Honda Motor Co. plans to participate in the FIA Formula One World Championship beginning with the 2026 season as an engine — now properly called a “power unit” — supplier to Aston Martin.
The Japanese automaker agreed to partner with the Aston Martin Aramco Cognizant Formula One Team to supply power units compliant with the new F1 regulations that take effect in the 2026 season. The team will be known as Aston Martin Aramco Honda.
“I would like to welcome Honda and HRC to the Aston Martin Aramco Cognizant Formula One Team, said Lawrence Stroll, executive chairman of the team. “We share a mutual drive, determination, and relentless ambition to succeed on track.”
Honda’s history in F1
Honda has participated in Formula One off and on since 1964, when the company fielded an “all Honda” team. The Japanese team won the Mexican Grand Prix in 1965. Then in the 1980s, Honda returned to F1 as an engine manufacturer, winning the Constructor’s Championship with Williams Honda in 1986, and both the Driver’s and Constructor’s titles in 1987 with Williams, and then four straight Driver and Constructor titles with McLaren from 1988 to 1991.
The company returned to F1 in the 21st century supplying engines to BAR Honda from 2000 to 2005, then fielded a factory team from 2006-2008. From 2015 to 2017, Honda supplied engines to McLaren. In 2108 Honda began supplying power units to Alpha Tauri, and in 2019 added the Red Bull team, winning the driver’s championship with Max Verstappen in 2021 and providing technical support to Red Bull as the team won the 2022 Driver and Constructor titles.
F1 commits to increased hybridization
The new power unit created by Honda will be a hybrid engine and electric motor, with a maximum power output ratio of 50/50. This will represent a significant increase in the deployment of electrical power compared to the current ratio of about 20% of the F1 car’s 1,000 horsepower. F1 will also be transitioning to 100% sustainable fuel, while today the fuel is 10% ethanol.
Specifically, the 2026 regulations require a reduction of engine output while tripling the output of the energy recovery system, or regen as it’s known in street cars. This system converts kinetic energy, under certain situations such as braking, into electrical energy. This will result in maximum power output that is roughly even between the engine and motor.
These changes in F1 power unit regulations are consistent with the direction Honda has been taking in its general engine development. Working to the F1 regulations should have profound significance in terms of creating important opportunities to pursue the development of future technologies, the company noted.

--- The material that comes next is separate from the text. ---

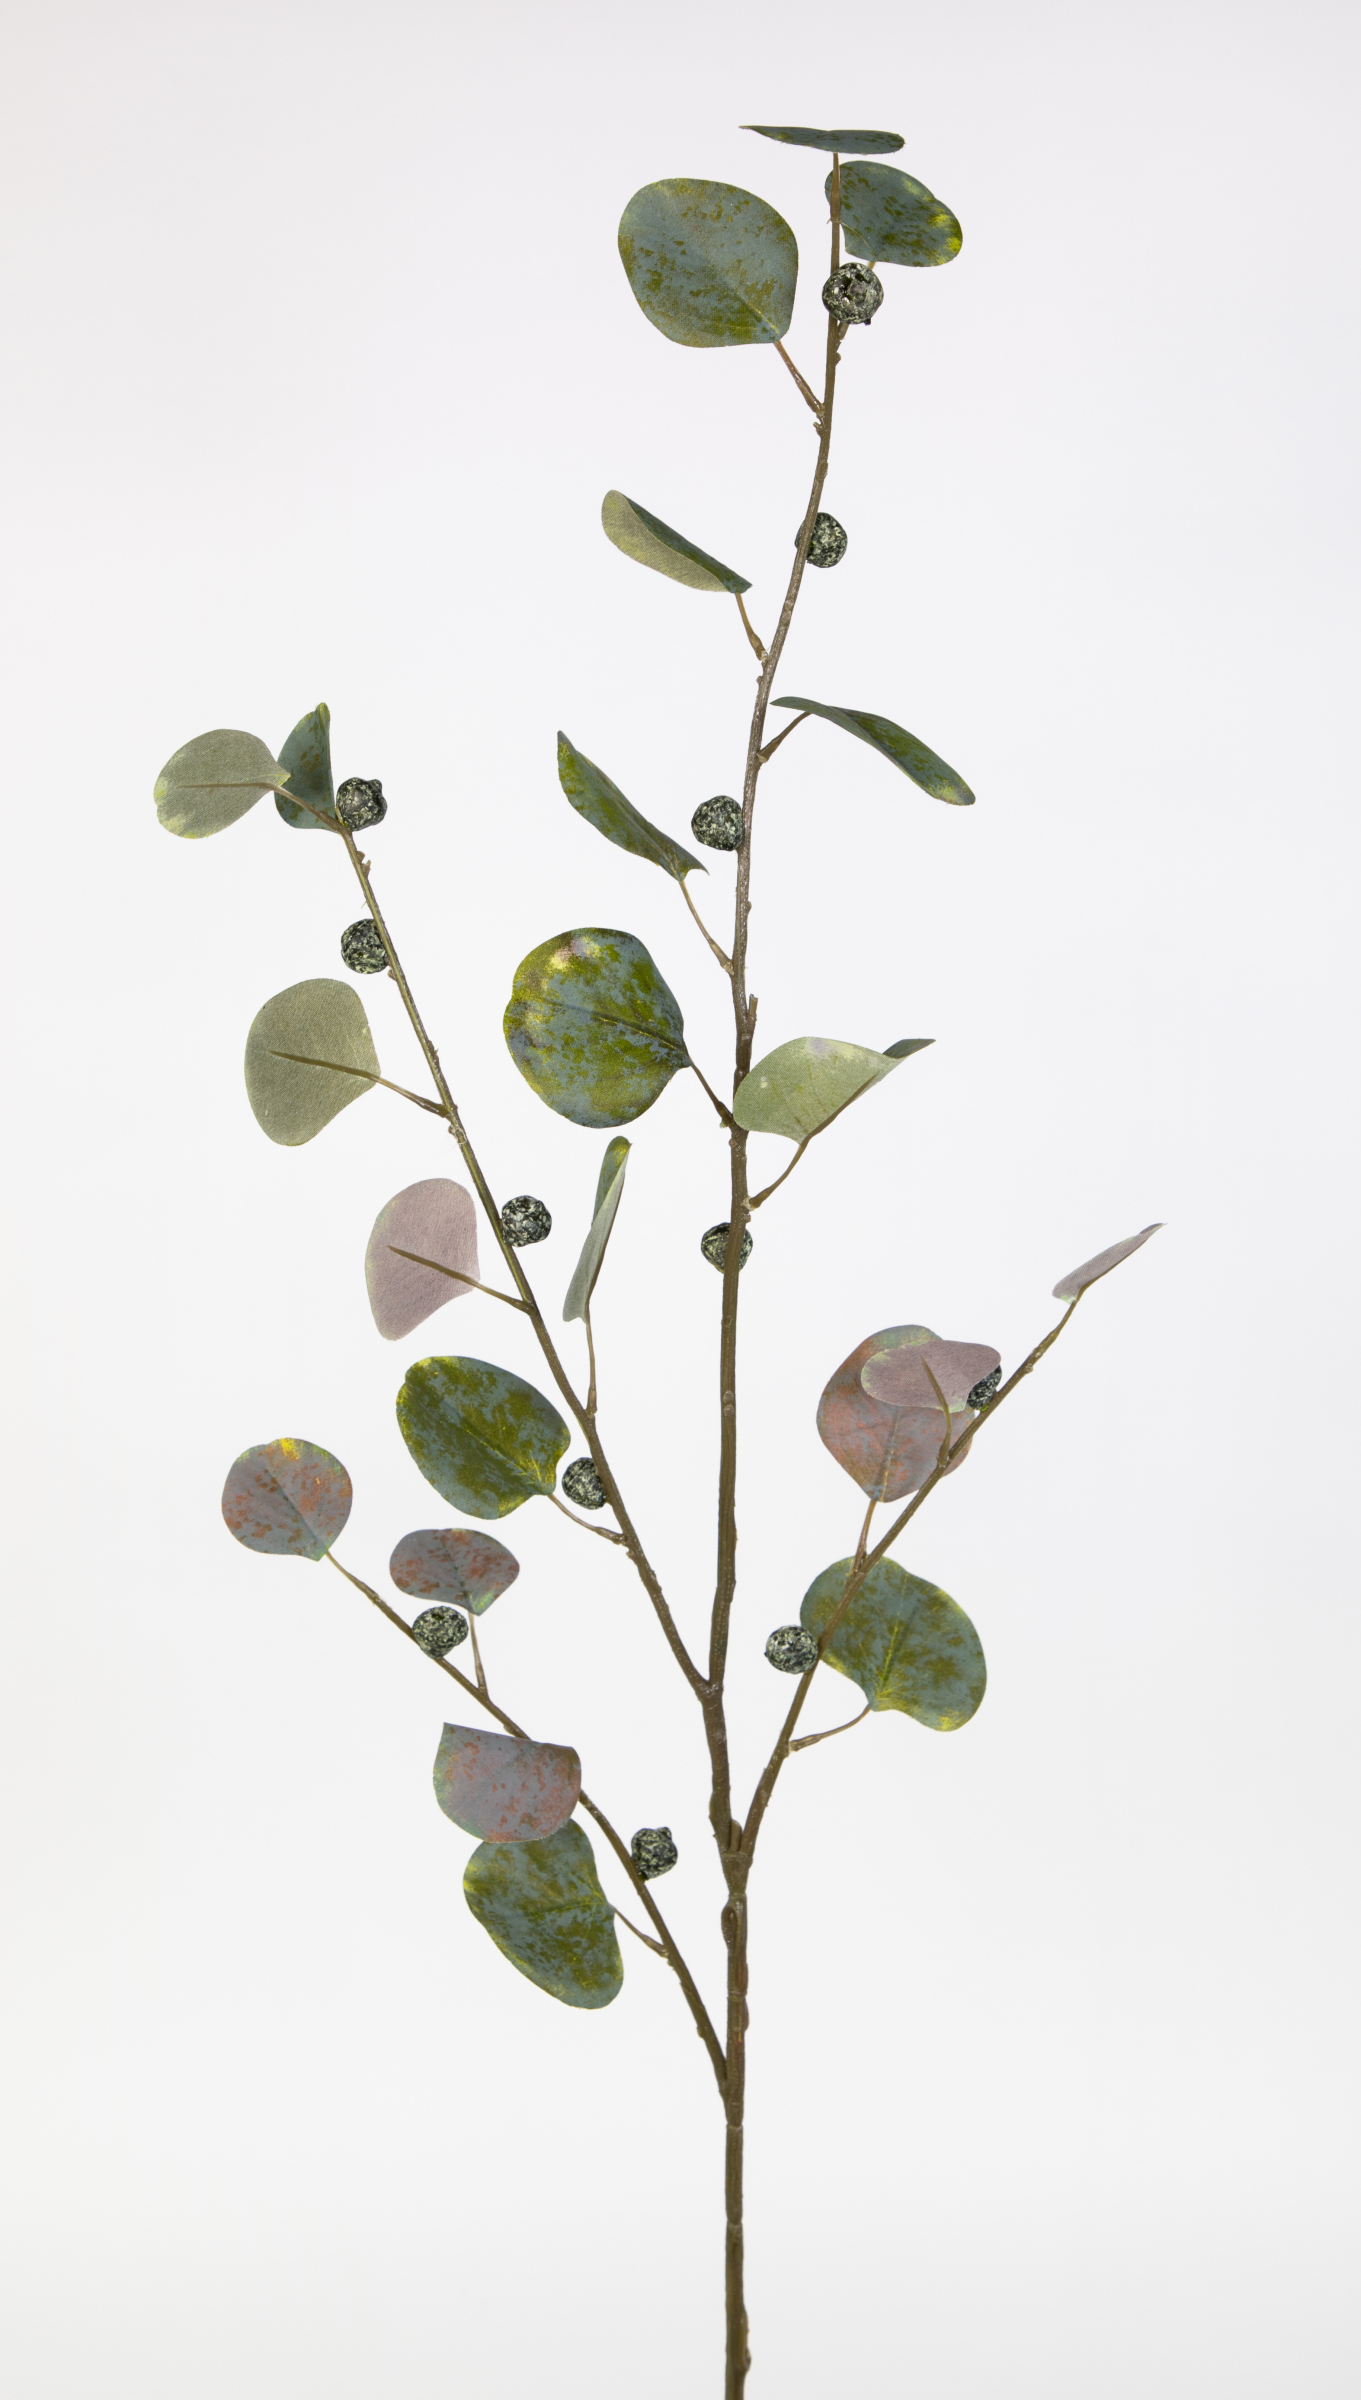 Eukalyptuszweig mit Früchten grün Zweige Kunstzweig Eukalyptus künstlicher künstliche 110cm JA

The Honda Racing Corp., which has become responsible for both auto and motorcycle motorsports activities since 2022, will assume responsibility for the development of power units, race participation and the management for F1 racing as well.
“One of the key reasons for our decision to take up the new challenge in F1 is that the world’s pinnacle form of racing is striving to become a sustainable racing series,” said Toshihiro Mibe, global CEO of Honda, “which is in line with the direction Honda is aiming toward carbon neutrality, and it will become a platform which will facilitate the development of our electrification technologies.”
A partnership to win
With the new 2026 regulations, the recipe for a winning car will be a compact, lightweight, and high-power electric motor with a high-performance battery capable of handling high and swift power output, as well as energy management technology.
“We believe that the technologies and know-how gained from this new challenge can potentially be applied directly to our future mass production electric vehicles,” Mibe said, “such as an electric flagship sports model, and electrification technologies in various areas, including eVTOL (Electric Vertical Takeoff and Landing aircraft) which is currently under research and development.”
For its part, the Aston Martin team is leaving behind the Mercedes-AMG power plant they have been using to make the switch to Honda.
“I would like to pay tribute to our current power unit supplier who we will continue to partner with for the next few seasons,” said Martin Whitmarsh, group CEO of Aston Martin Performance Technologies. “Our future works partnership with Honda is one of the last parts of the jigsaw puzzle slotting into place for Aston Martin’s ambitious plans in Formula One.”